Shalga suggests consumers should keep an eye on local market conditions such as wages, home sales and home prices, as well as whether the population and job market is growing or shrinking.

“A national housing market collapse remains highly unlikely, but every market is unique and some markets will likely see prices fall even as national numbers rise – perhaps not enough to warrant a ‘collapse,’ but enough to affect some homeowners,” Sharga said.

What the housing market collapse means for home buyers

More than a third of consumers (35%) believe the housing price crash will make it easier to buy a home, according to a Lending Tree survey.

A housing market crash usually means that there is an oversupply of homes on the market and sales prices have plummeted. However, housing market crashes are often accompanied by a recession and job losses, making it harder to qualify for a home purchase. Also, homeowners may not want to sell during a market downturn.

Still, some buyers are hopeful the real estate market will change, with the possibility of less competition for homes and lower mortgage rates following the financial crisis.

What the housing market crash means for sellers

If the housing market crashes, homeowners who don’t need to sell may prefer to wait until home prices start to recover.

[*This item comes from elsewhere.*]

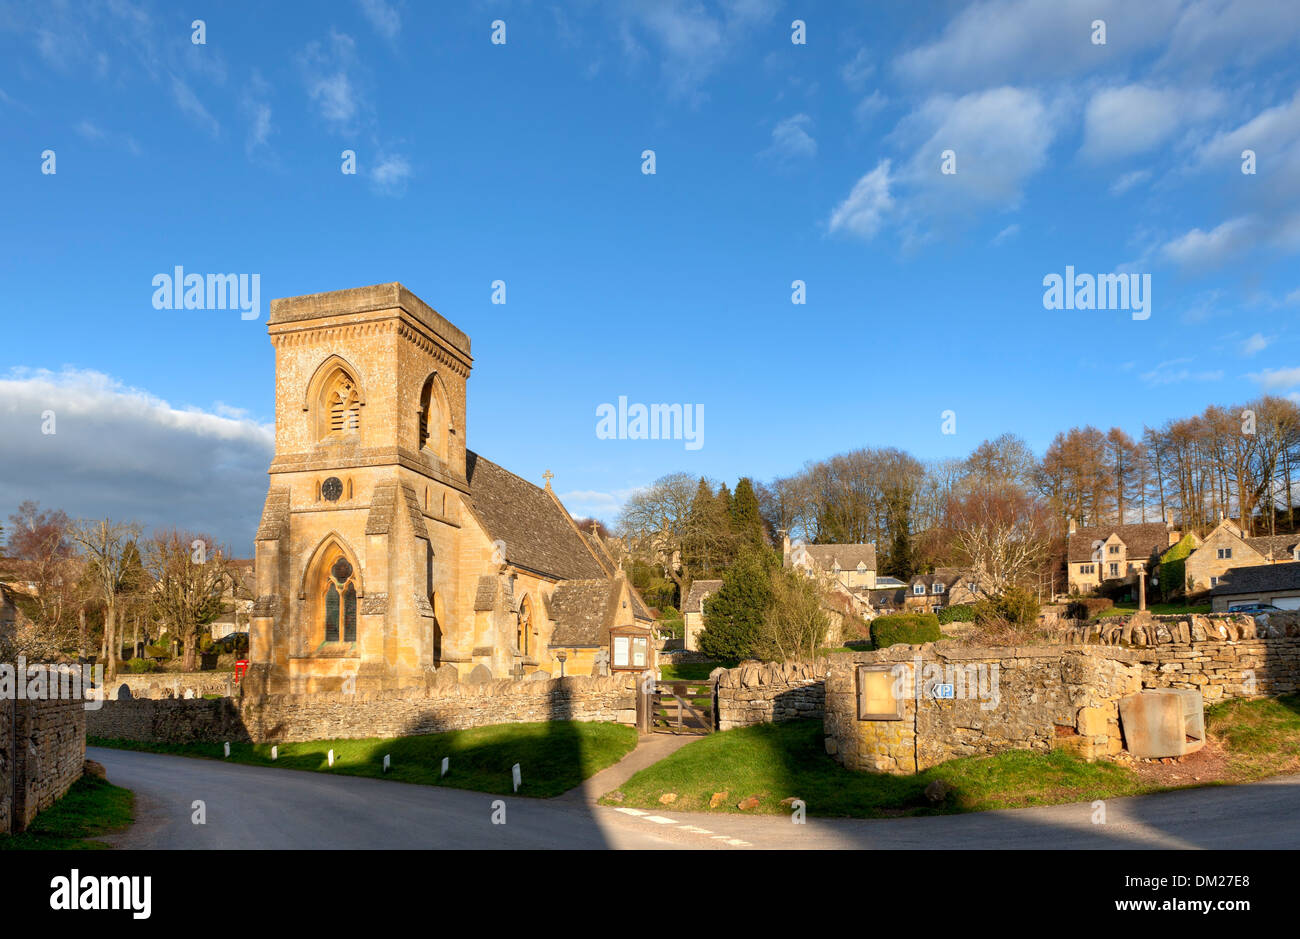 The pretty Cotswold church at Snowshill, Gloucestershire, England. Stock Photo

As many experienced during the last housing market crash, being behind on your mortgage payments — meaning your mortgage balance is greater than your home is worth — won’t have an immediate impact on your finances unless you plan to borrow against your home equity.

The bigger impact will be on home sellers, who will likely be forced to lower prices as buyers look for deals.

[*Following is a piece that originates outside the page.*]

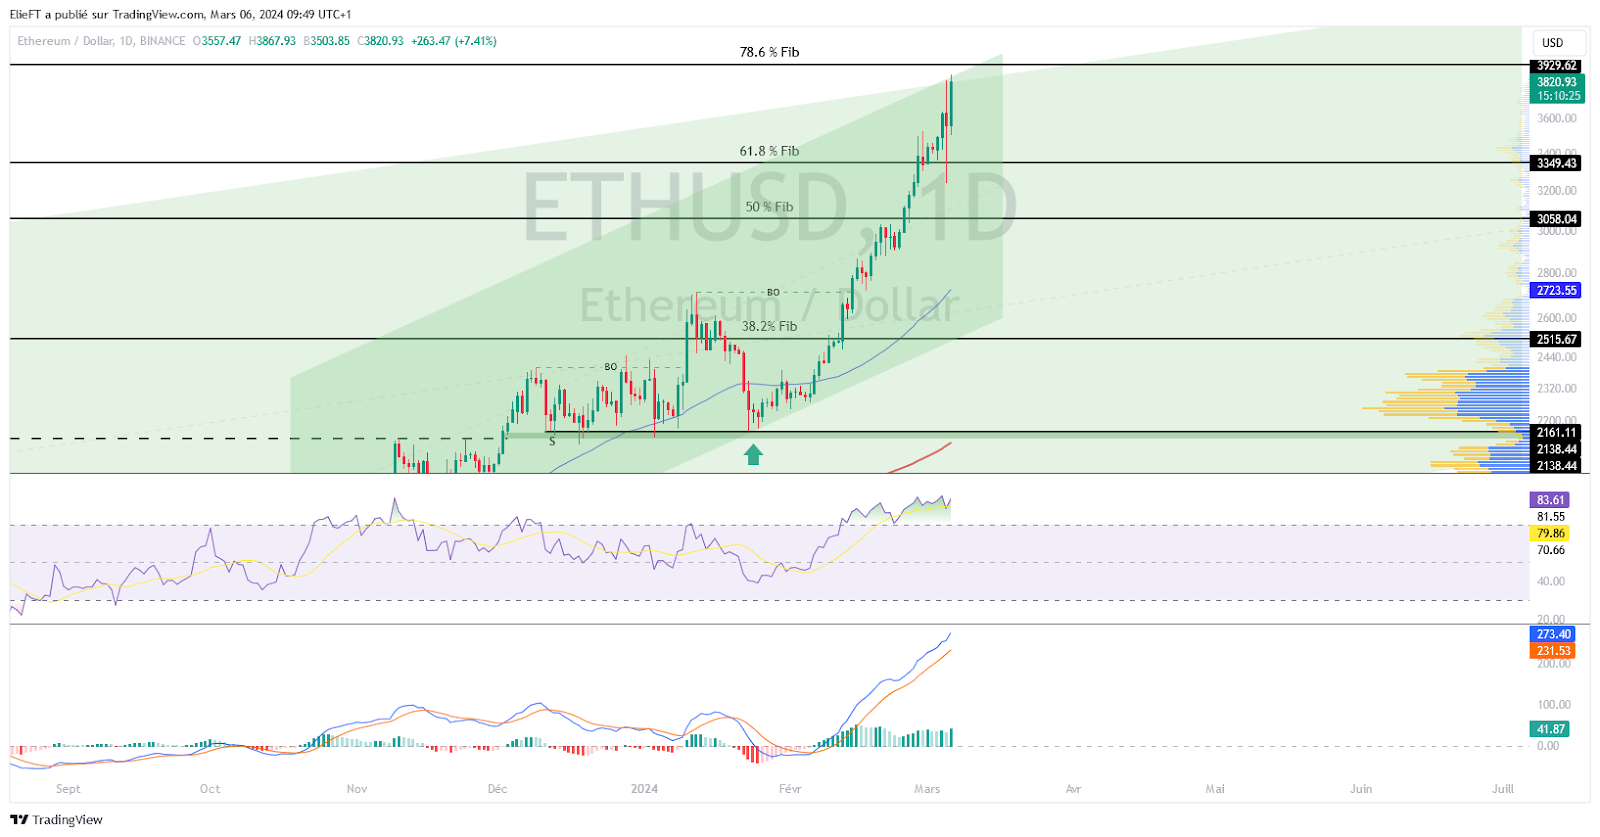 Daily chart of ETH/USD

How to Prepare for a Housing Market Collapse

If you’re worried the housing market will collapse again, here are some steps you can take to protect your financial health.

  • Have an emergency savings fund that can cover at least three to six months of expenses.

  • Reduce your debt, especially high-interest credit card debt.

  • Make as large a down payment as you can afford and secure equity in your home right away.

  • Buy a home that you can comfortably afford.

  • If possible, make additional payments on your mortgage balance to build up your equity.

  • When you choose a fixed-rate mortgage, your principal and interest will remain the same for many years.

Learn more: How much home can you afford? Use Yahoo Finance’s Home Affordability Calculator.

Frequently asked questions about the housing market collapse

Is 2024 a good time to buy a home?

The right time to buy a home depends on your personal situation, including job stability and your attachment to a region or city. But rising home prices and mortgage rates are making it difficult for many buyers to buy a home in 2024. Additionally, with demand for homes outstripping supply, sellers still have the advantage in most markets.

How do we know if the housing market is going to collapse?

There are many indicators to watch to see if the housing market will collapse again. A drop in demand due to unemployment or a recession, a sudden increase in housing supply, or even a major economic downturn could signal a drop in home prices.

Will housing become affordable again soon?

The Mortgage Bankers Association predicts that mortgage rates will fall to about 6.6% by the end of 2024, slightly improving the cost of borrowing to buy a home. However, overall home affordability will remain a challenge, as home prices are expected to continue to rise.